Жаки с громкой песней повернули к гостинице, на пороге которой стоял уже ожидающий их хозяин, уже вошли, теснясь, во двор. За ними с гамом двинулась толпа, набиваясь, толкаясь и ругаясь.

Поле битвы – двор, окружён был с четырёх сторон стенами, галереями, занятыми любопытными разного пола и возраста, а в обоих открытых настежь воротах теснились кучки населения, которого были видны только головы над головами. На посыпанном песком дворе расположились жаки, оставляя между собой небольшое свободное пространство для петушиного боя. Старший, которого мы видели депозитором беанов, сначала развязал ленты своего петуха и, поддерживая руками, поставил его на землю.

– К бою! К бою! – воскликнули жаки. – Белый против жёлтого.

Какой-то жачек вышел с белым петухом напротив.

– Кто-нибудь что-нибудь ставит на моего? – отозвался старший.

Ибо были в обычаи заклады, а победитель обычно отдавал владельцу петуха или всю, или значительную часть выигранной ставки.

Между зрителями поднялся гам, несколько рук протиснулись вверх, несколько голосов выкрикнули:

– Ближе, паны которые ставят.

Но в давке трудно было приблизиться. Наконец, когда деньги были сложены с обеих сторон на приготовленную шапку старшего жачей гвардии, двух петухов поставили напротив друг друга.

Оба уже были раздражены, накормлены острым кормом, опьянены и непримеримы.

Большой златопёрый петух, почуяв себя свободным, стал суровым, взмахнул крыльями и сразу пустился, опустив голову, как баран, когда хочет боднуть другого барана. Белый, напротив, поднял шею и запел.

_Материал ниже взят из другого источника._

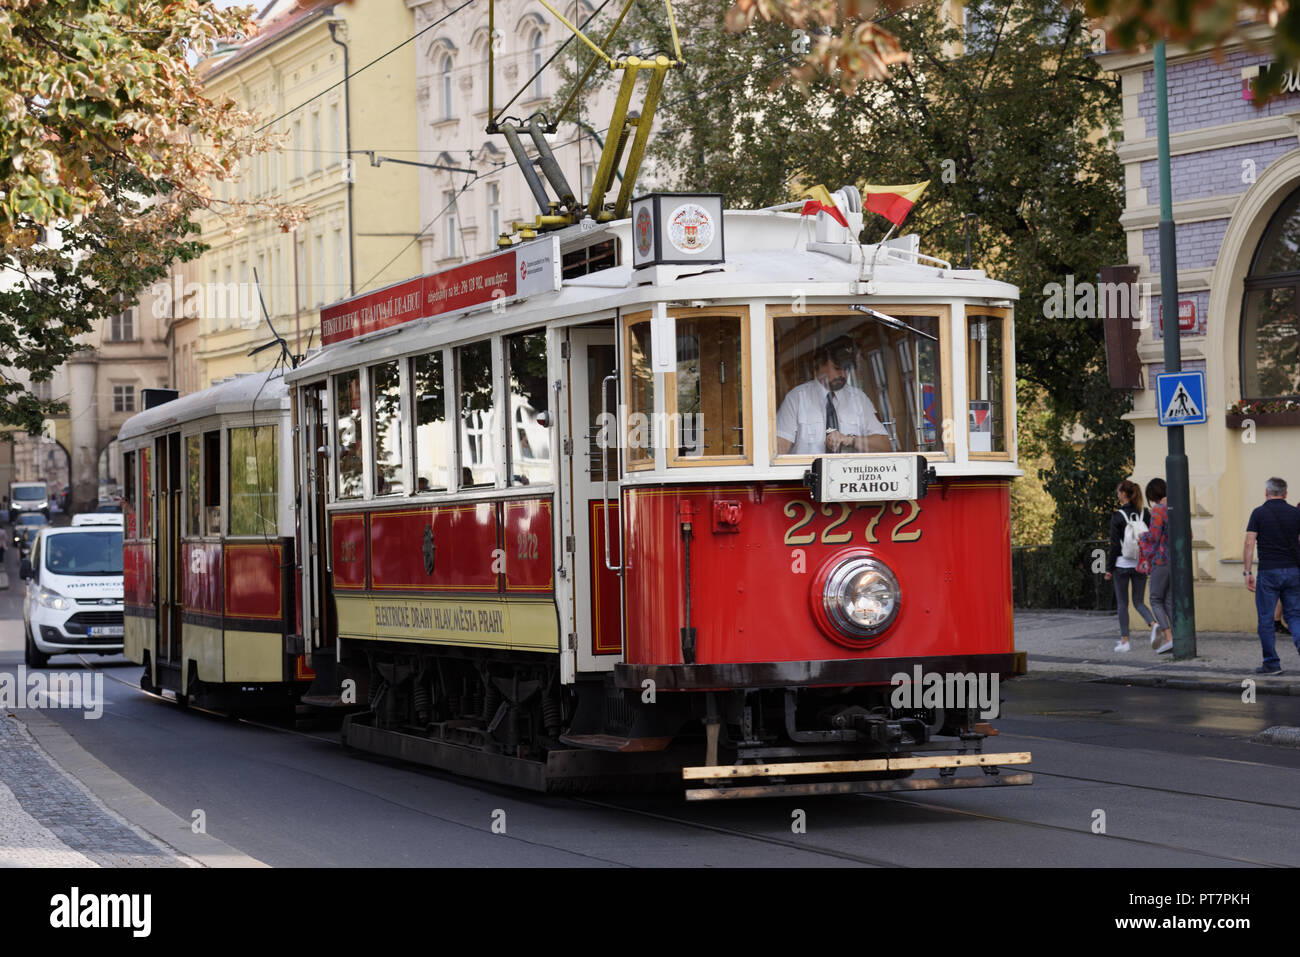 Prague, République tchèque - 15 septembre 2018 : tramway rétro sur la rue de Prague. A partir de 2017, le réseau de tramway de Prague est le troisième plus grand au monde Banque D'Images

Все посмеялись над белым, особенно, что на голос его пения, все петухи, что там были, начали петь разными голосами. Белый тем временем, заранее уже пропевший победу и увидев перед собой борца, готового к бою, подскочил, вытянул шею, вытаращил глаза, перья его взъерошились, он взмахнув крыльями и клюнул неприятеля в голову.

Золотистый соперник не ожидал такой дерзкой зацепки, и вместе с тем опьянённый, поднял голову вверх, когда, между тем, белый, снова замахнувшись, подскочил, тот клюнул его около шеи. Дольше уже золотистому терпения не хватило, налетел со всей силой на слабого противника, словно хотел его задушить и уничтожить. Белый, взъерошившись, начал отступать с открытым клювом, на каждый удар отвечая ударом. Золотистый неотступно его преследовал и, приперев к ногам хозяина, наскочил на него. Белый в эти минуты поднялся вверх, полетел, яростно сел на спину золотистому врагу и начал безжалостно стучать ему по голове острым клювом, колотя по бокам крыльями. Напрасно золотистый трепыхался, желая освободиться от неприятного объятия, крутил шеей, выварачивался, бегал по кругу – ничего не помогло. Гребень покрылся кровью, один глаз повис, выбитый. Белый, уставший, соскочил на землю и встал, готовый к поединку с золотым. Но золотой уже как пьяный; в результате ран в лоб и выклеванного глаза, он зашатался. Не много стоила победа маленькому вояке, который его добил, перевернув гиганта, топча ногами брюхо и угрожая голове и глазам.

Битва была окончена, петухов разняли, закладывающие без ссоры вынули половину ставки из шапки, другую оставляя хозяину белого вояки.

После первого поединка наступил второй и третий, и четвёртый, с всё возрастающим шумом, увеличивающимися ставками и более шумным весёльем жаков.